Exercise brief
Exclude the images, then return every line below exactly as written.

Given material
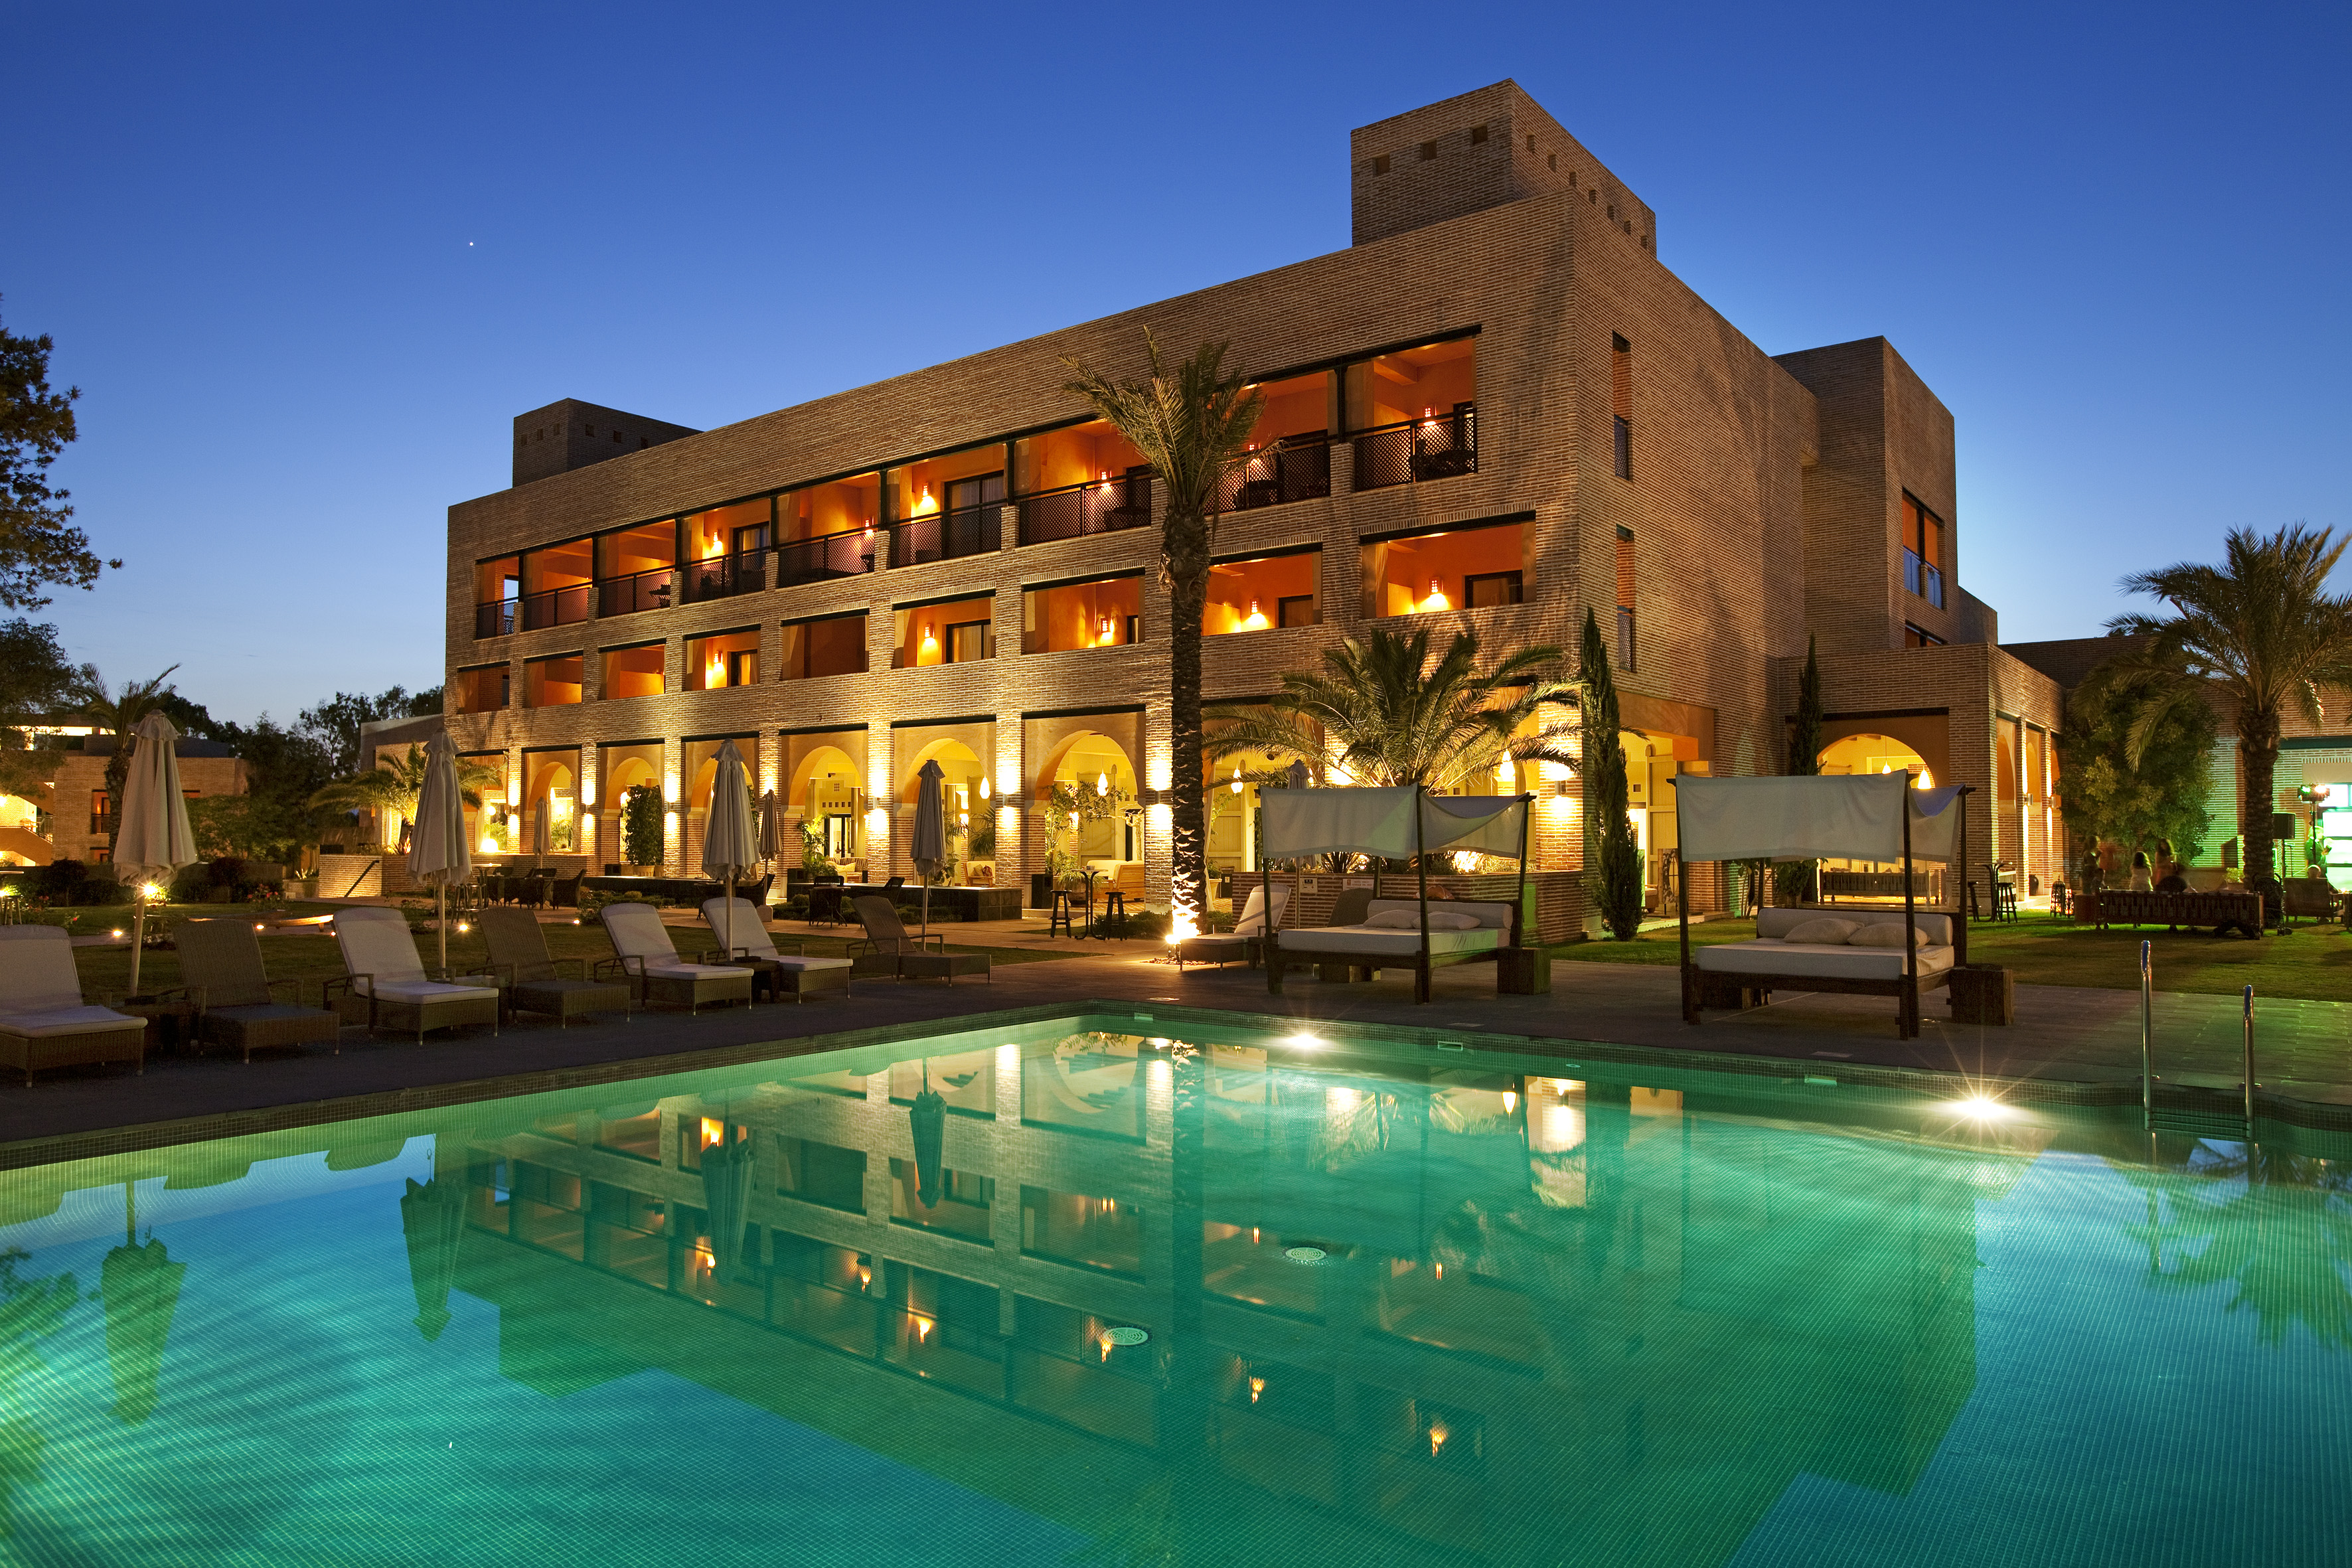 Hotel Vincci Selección Estrella del Mar 5* Marbella.
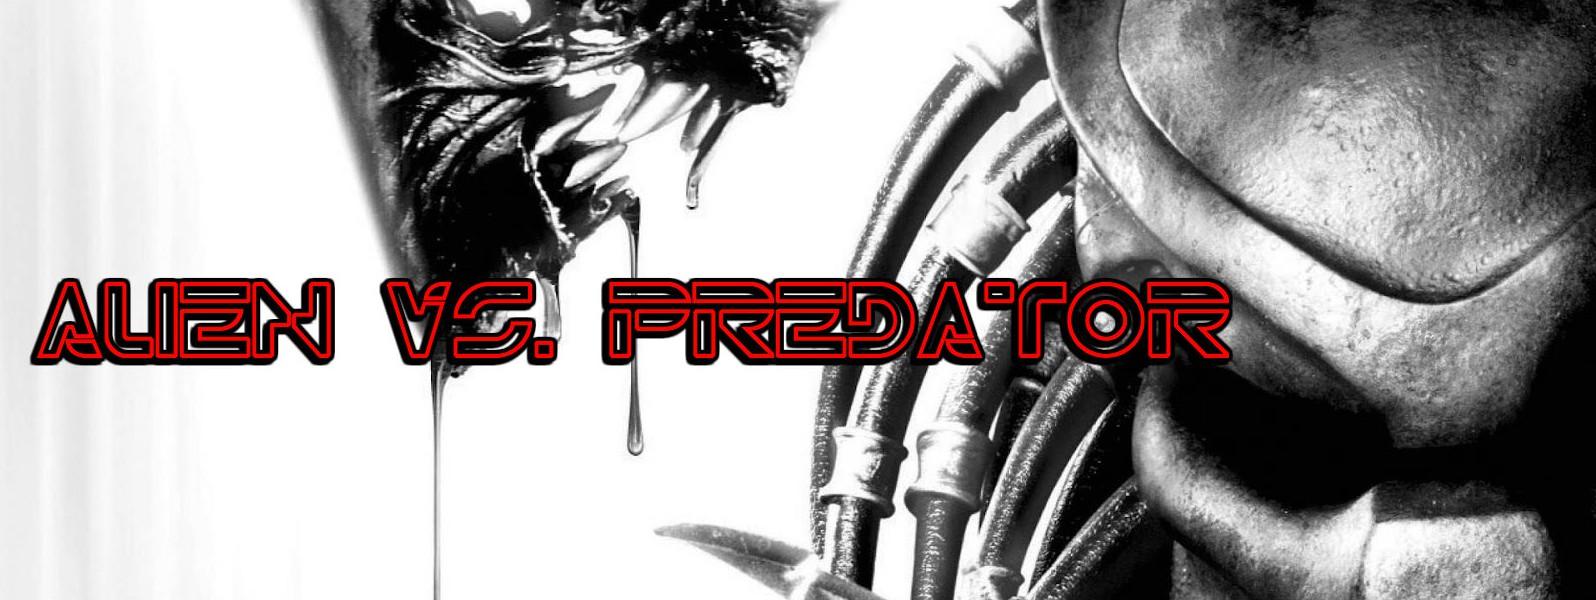 2004alien_vs_predator
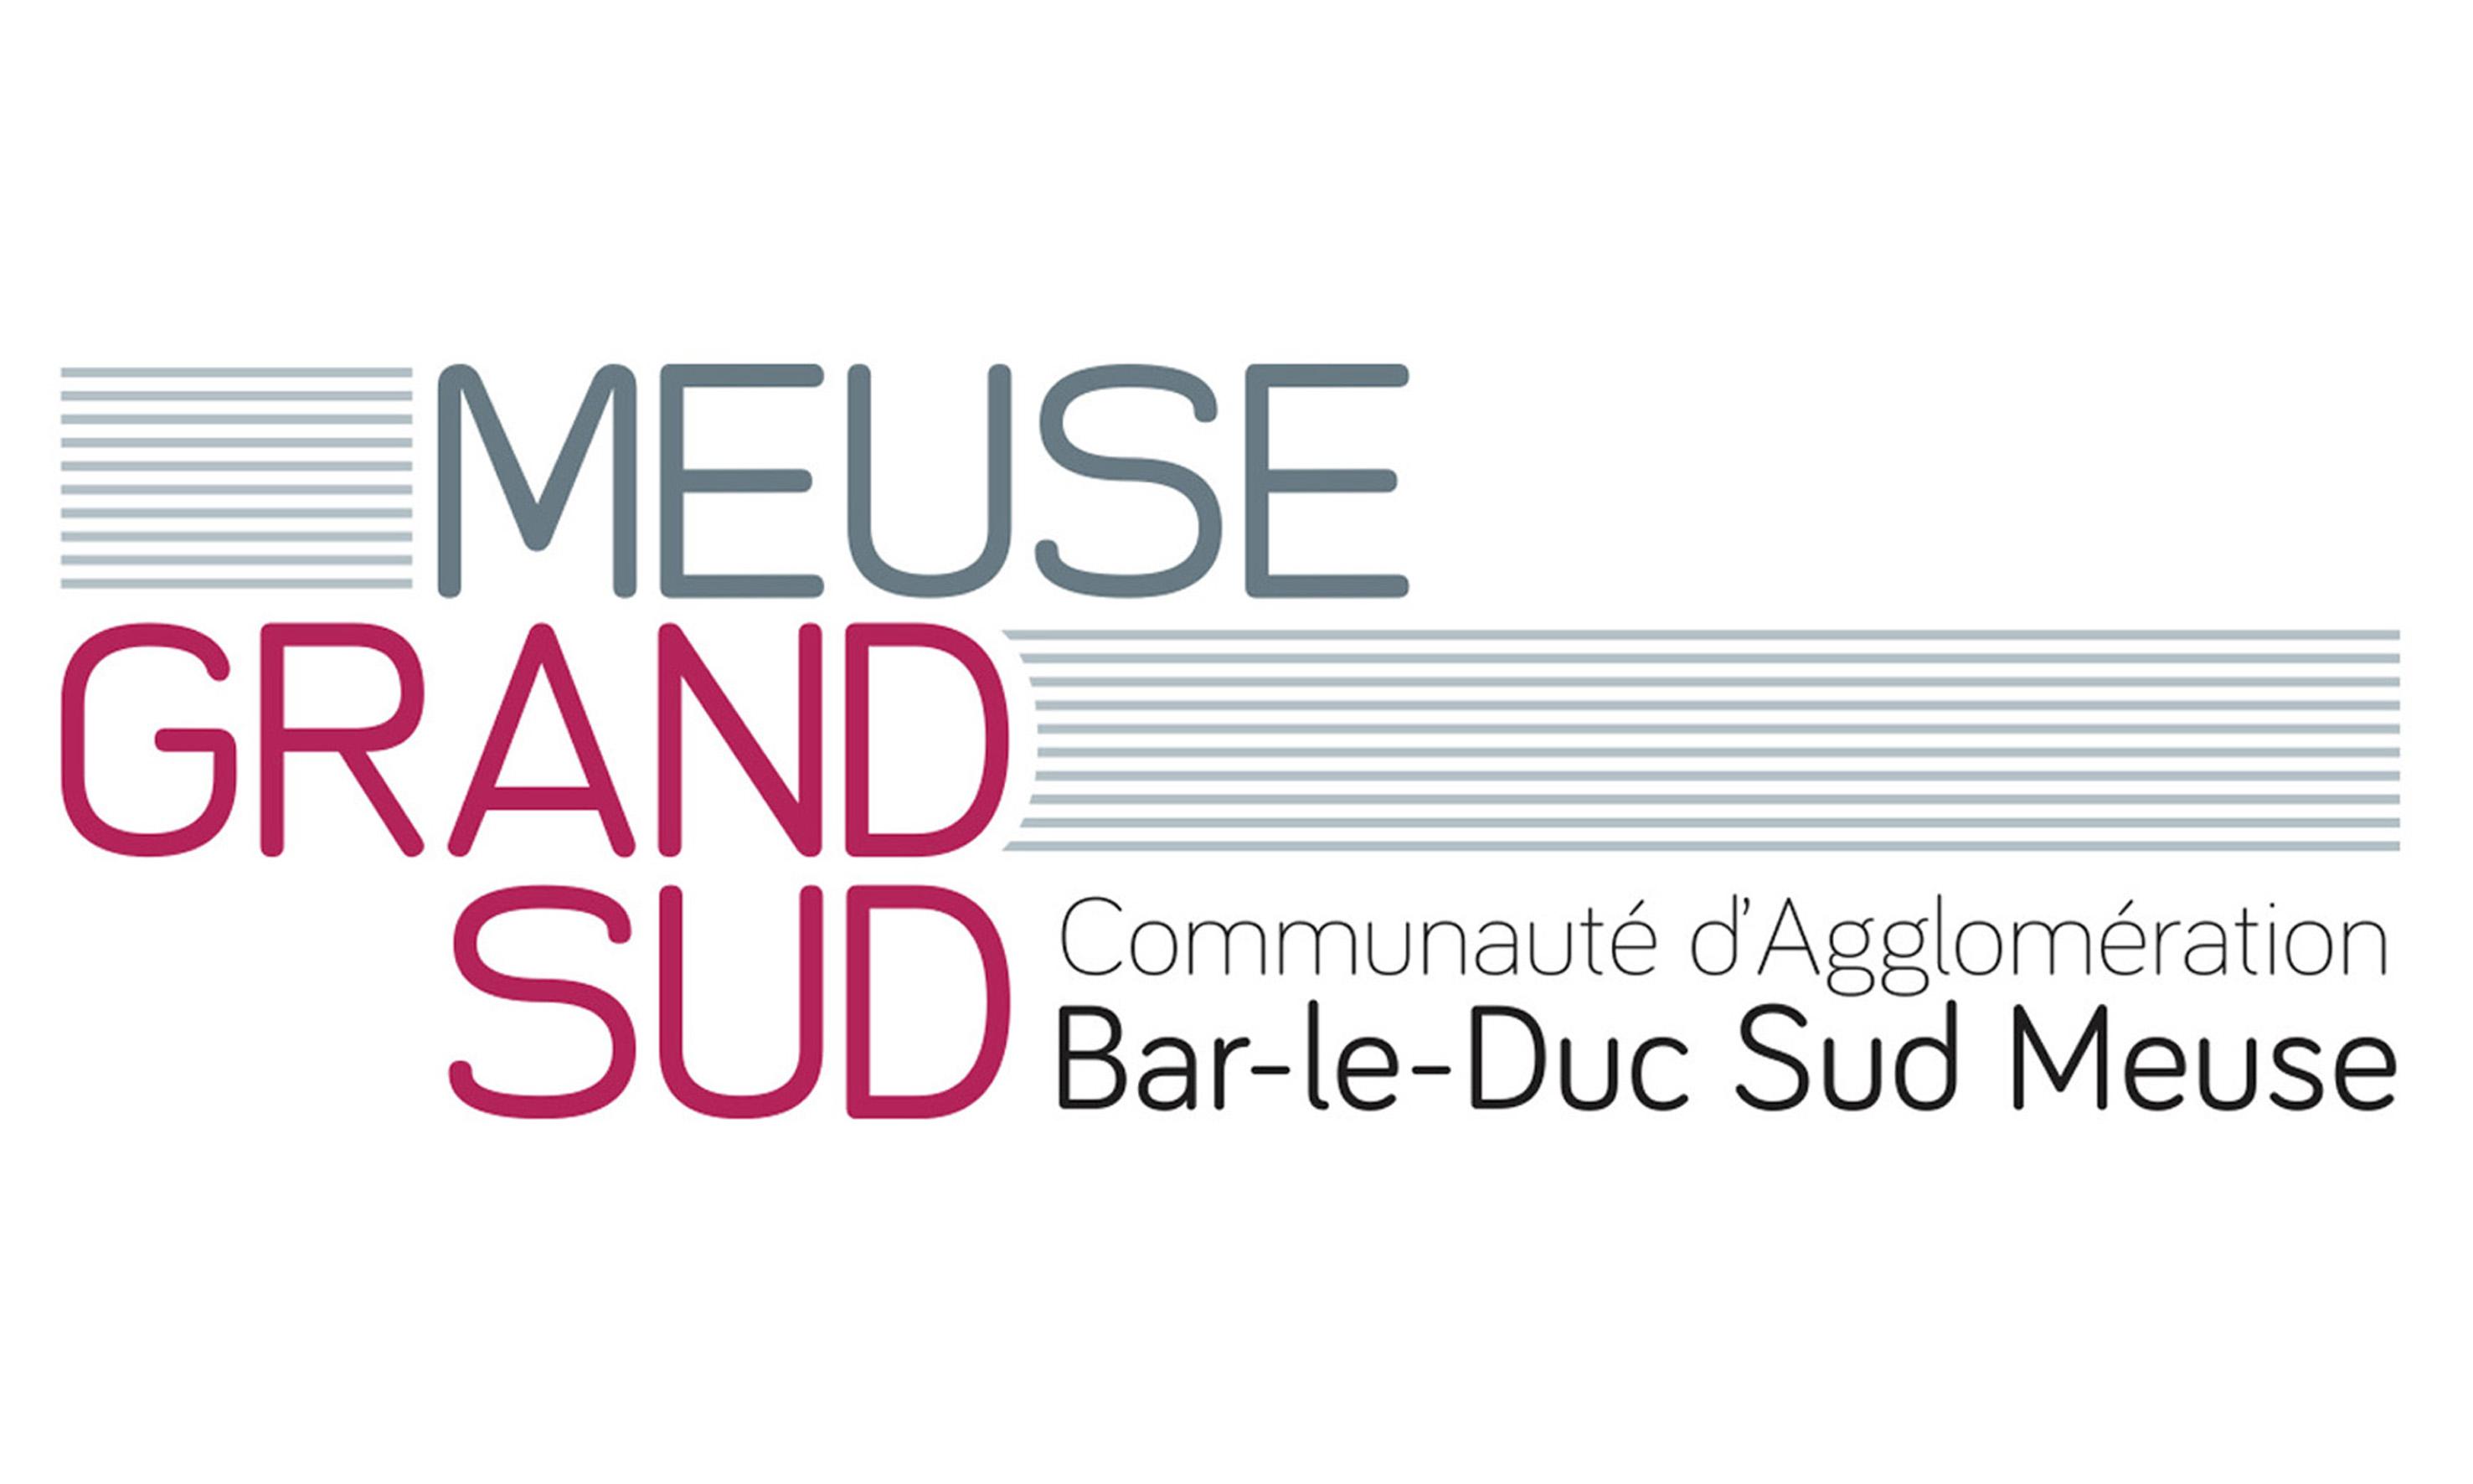 Meuse Grand Sud

Solution to this task
 Hotel Vincci Selección Estrella del Mar 5* Marbella.
 2004alien_vs_predator
 Meuse Grand Sud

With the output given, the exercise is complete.